Activision teased the reveal of Tony Hawk's Pro Skater 3 + 4 inside Call of Duty: Black Ops 6. During the game, players discovered hidden references and clues about the upcoming Tony Hawk's remake, leading to the setup of a countdown. This teaser strategy culminated in the official reveal on March 4, 2025, scheduled for release on July 11, for Nintendo Switch, PlayStation 4, PlayStation 5, Windows, Xbox One and Xbox Series X/S platforms. A Nintendo Switch 2 version was announced on April 2. In the weeks prior to its release, multiple trailers introducing new skaters were released and a demo called The Foundry Demo which features two levels; Foundry from Pro Skater 3 and College from Pro Skater 4 was made available on June 8. It has been available for Game Pass Ultimate and PC Game Pass subscribers since launch.

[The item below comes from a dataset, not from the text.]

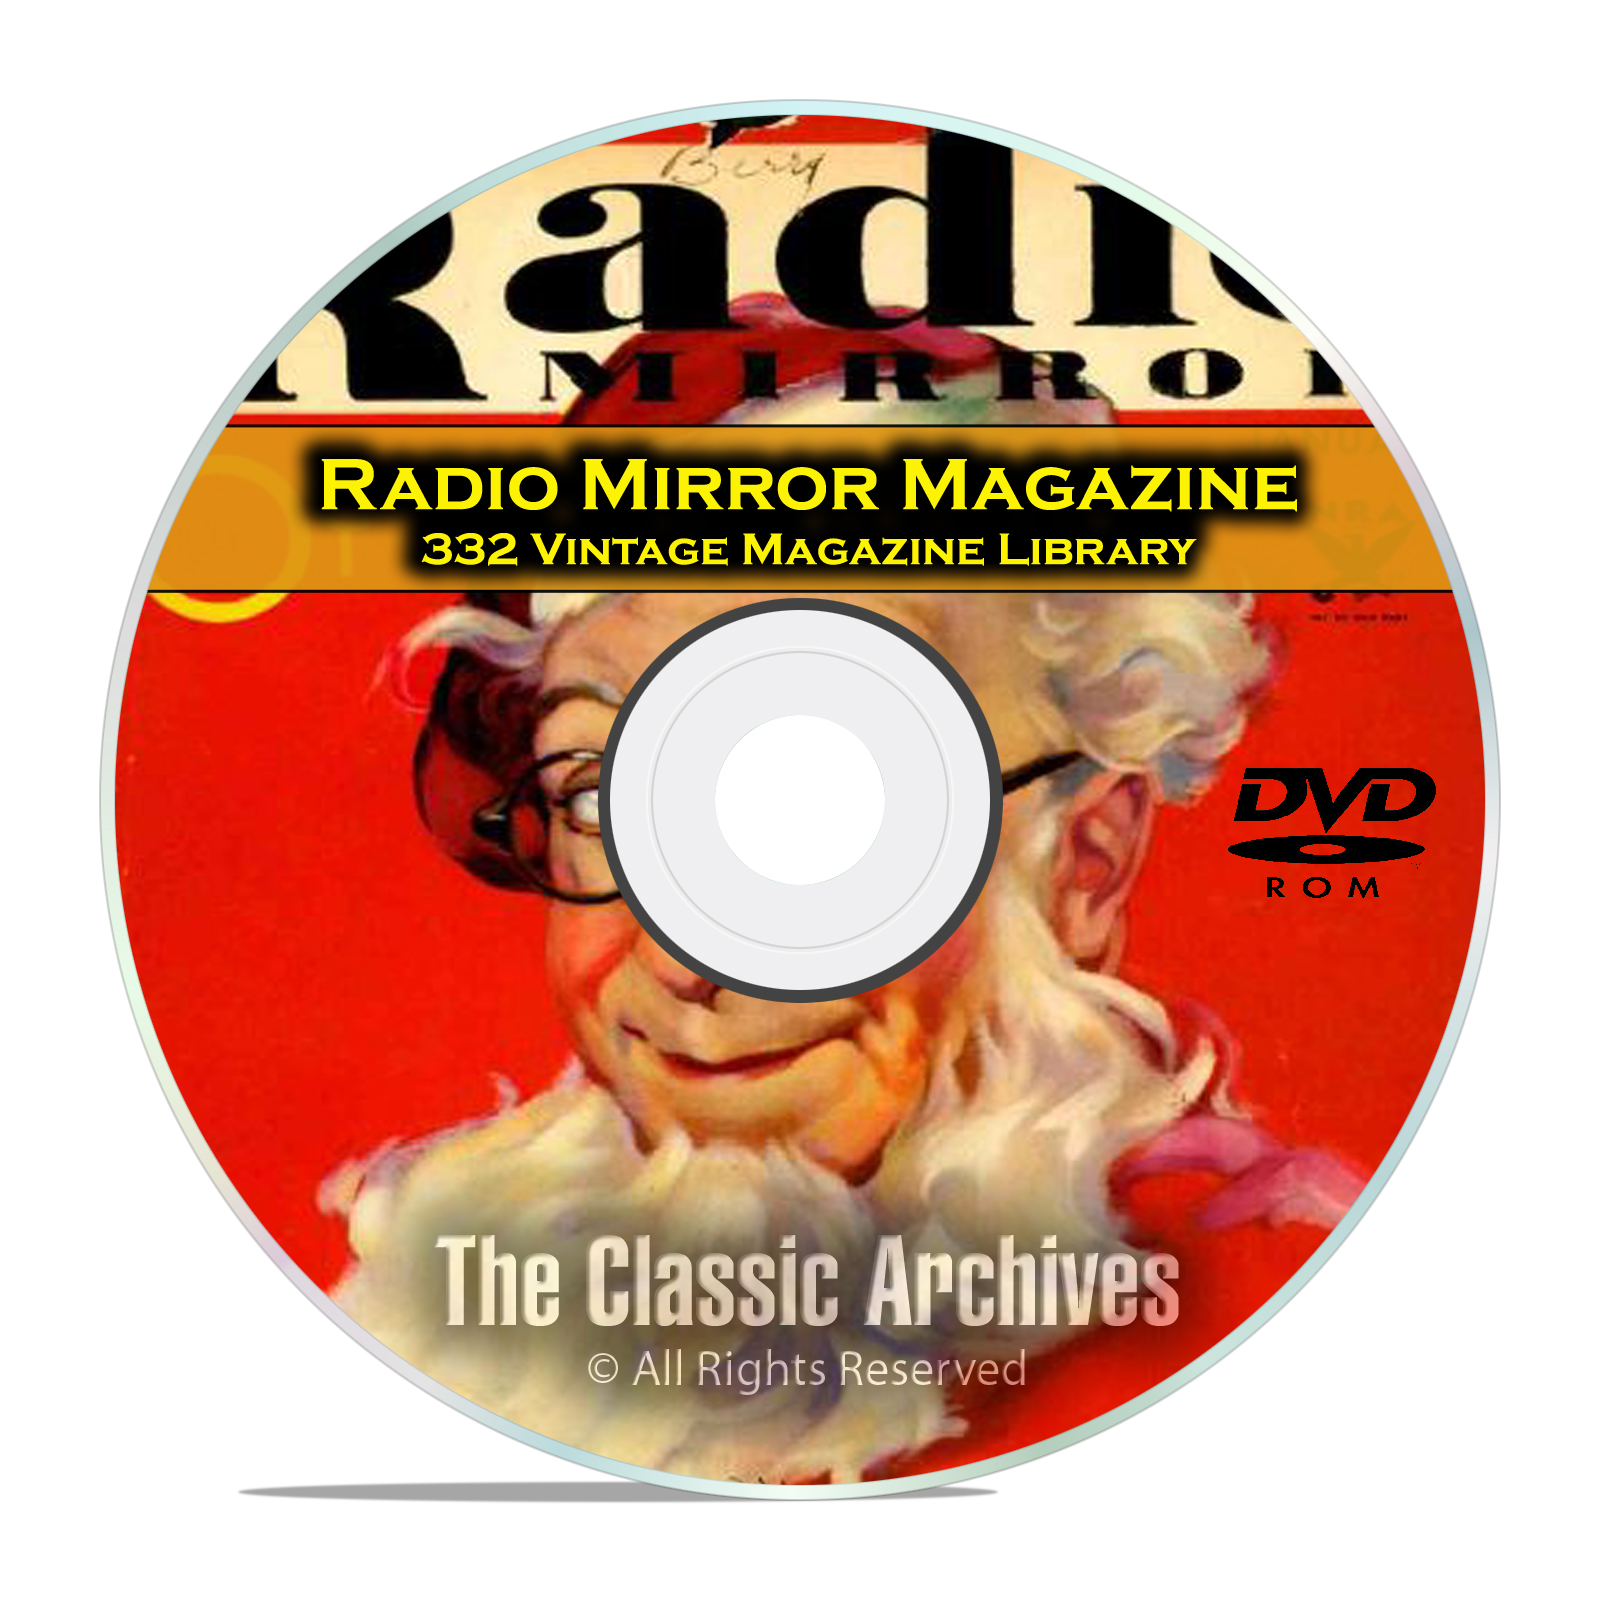 Radio Mirror, 332 Vintage Old Time Radio Magazine Collection in PDF on DVD

Besides the base game, the Digital Deluxe Edition of the game includes the Doom Slayer and a Revenant from Bethesda Softworks' Doom as playable characters as well as bonus songs and customization items. The Collector's Edition includes all bonus items from the Digital Deluxe release and a limited-edition Birdhouse skateboard deck. Pre-ordering the game gave access to additional cosmetics as well as a special version of Tony Hawk as an exclusive skin.

To further increase interest in the game, the soundtrack was released as a Spotify playlist in three waves starting in March, introducing new and old songs. Additionally, players who ordered the Digital Deluxe Edition received a exclusive rendition of "At Doom's Gate" from Doom in-game.

As part of another promotion, Taco Bell announced on June 23, 2025, that it had partnered with Hawk to launch his version of the company's Luxe Cravings Box, exclusively available through its website and mobile app. Each week from the game's release through August 13, Taco Bell plans to offer unique in-game downloadable content (DLC) for each of the company's boxes sold in-app in the form of product placement attire; the promotion also involved a giveaway of 50,000 game demo codes and 500 custom skateboard decks on June 24, with the first 15 of the latter autographed by Hawk. An advertising campaign launched to promote Hawk's box featured Hawk and a group of young skateboarders alongside music from Turnstile with the dual singles "Seein' Stars" and "Birds" from the band's third album Never Enough. In the United Kingdom, a free promotional event for the game was held at "Shredenhams", an abandoned department store-turned skate park in Bristol. The event, which took place on July 12, 2025, featured skate sessions with pro-skaters and a contest in which attendees could collect letters of the word "SKATE" around the park, similar to the game. A UK-based tribute band, The 900, was also a part of the event by performing music featured in the Tony Hawk’s Pro Skater series.

== Reception ==

Tony Hawk's Pro Skater 3 + 4 received "generally favorable" reviews from critics, according to the review aggregation website Metacritic. OpenCritic determined that 87% of critics recommended the game.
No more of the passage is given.